### Material for the task:
* * * * * * * * *
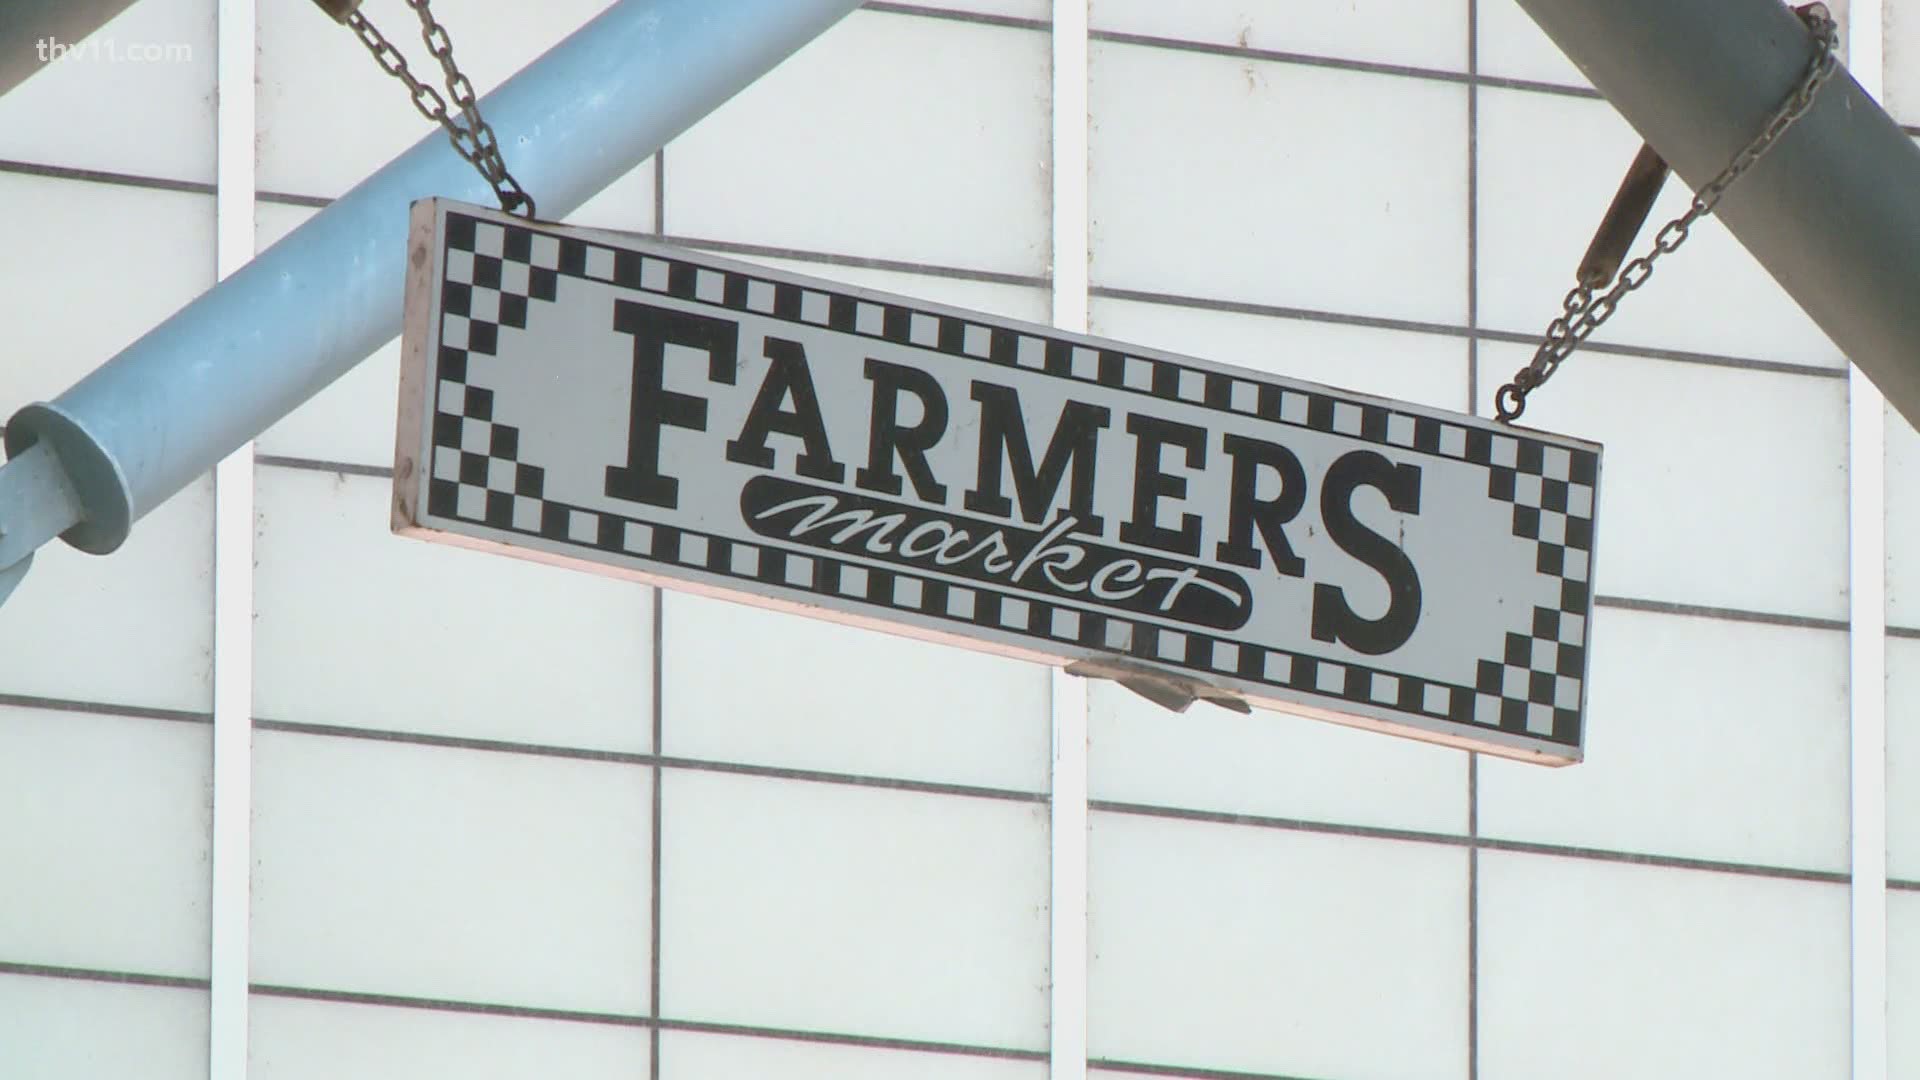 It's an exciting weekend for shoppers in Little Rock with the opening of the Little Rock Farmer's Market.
* * * * * * * * *
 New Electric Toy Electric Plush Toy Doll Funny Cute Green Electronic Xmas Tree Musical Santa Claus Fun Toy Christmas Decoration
* * * * * * * * *
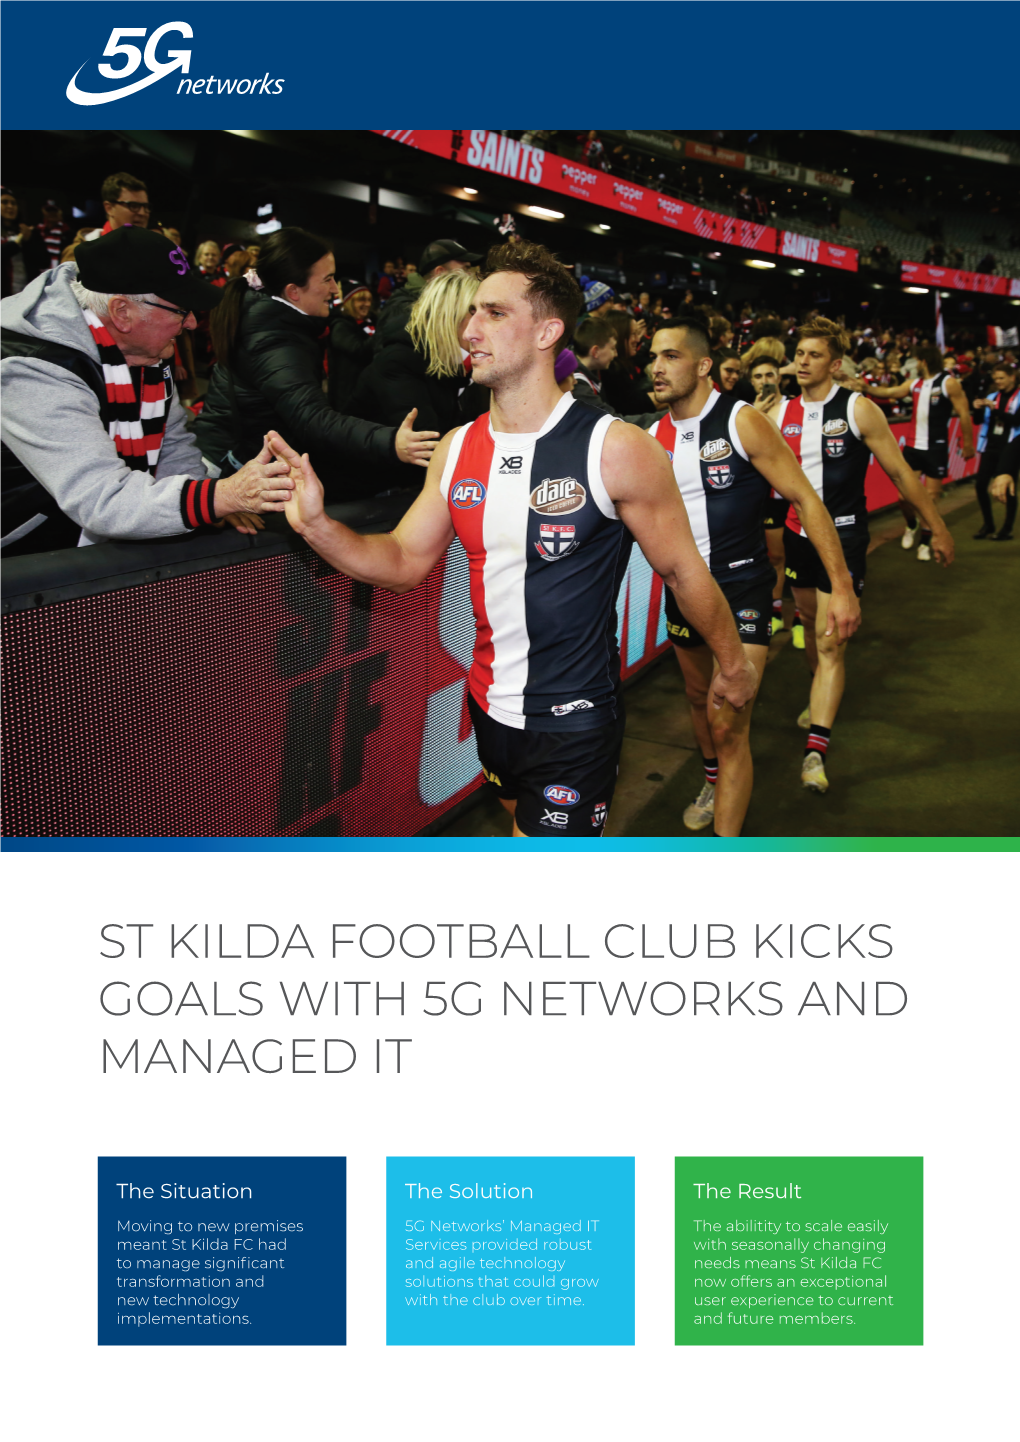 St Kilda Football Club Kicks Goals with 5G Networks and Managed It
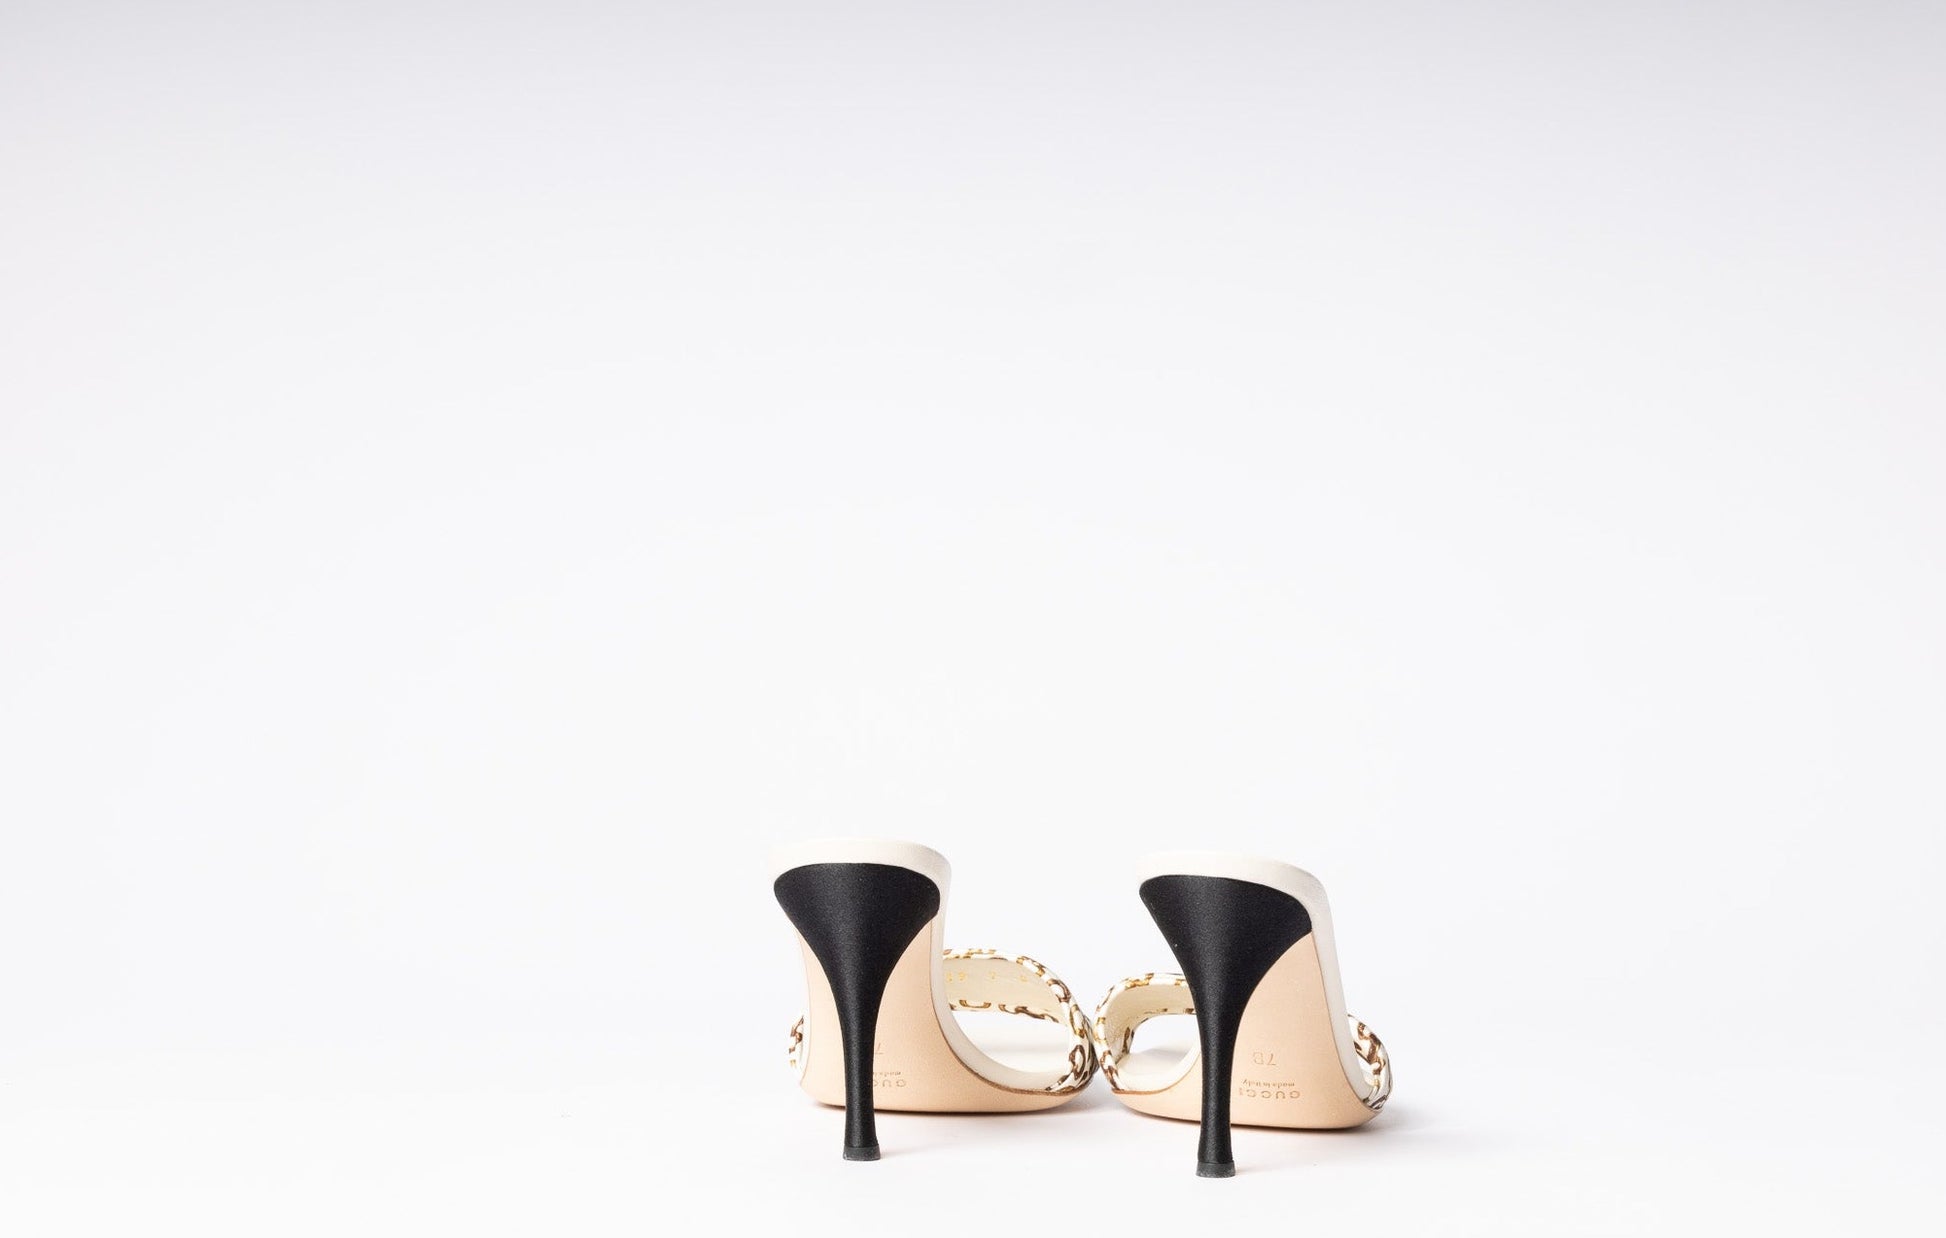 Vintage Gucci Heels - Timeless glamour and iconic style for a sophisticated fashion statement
* * * * * * * * *
### Exercise details:
Give back, exactly and without pictures, the stretch of the records above from the line containing "St Kilda Football" through the line containing "Vintage Gucci Heels", with both end lines included.

### Result of the exercise:
 St Kilda Football Club Kicks Goals with 5G Networks and Managed It
 Vintage Gucci Heels - Timeless glamour and iconic style for a sophisticated fashion statement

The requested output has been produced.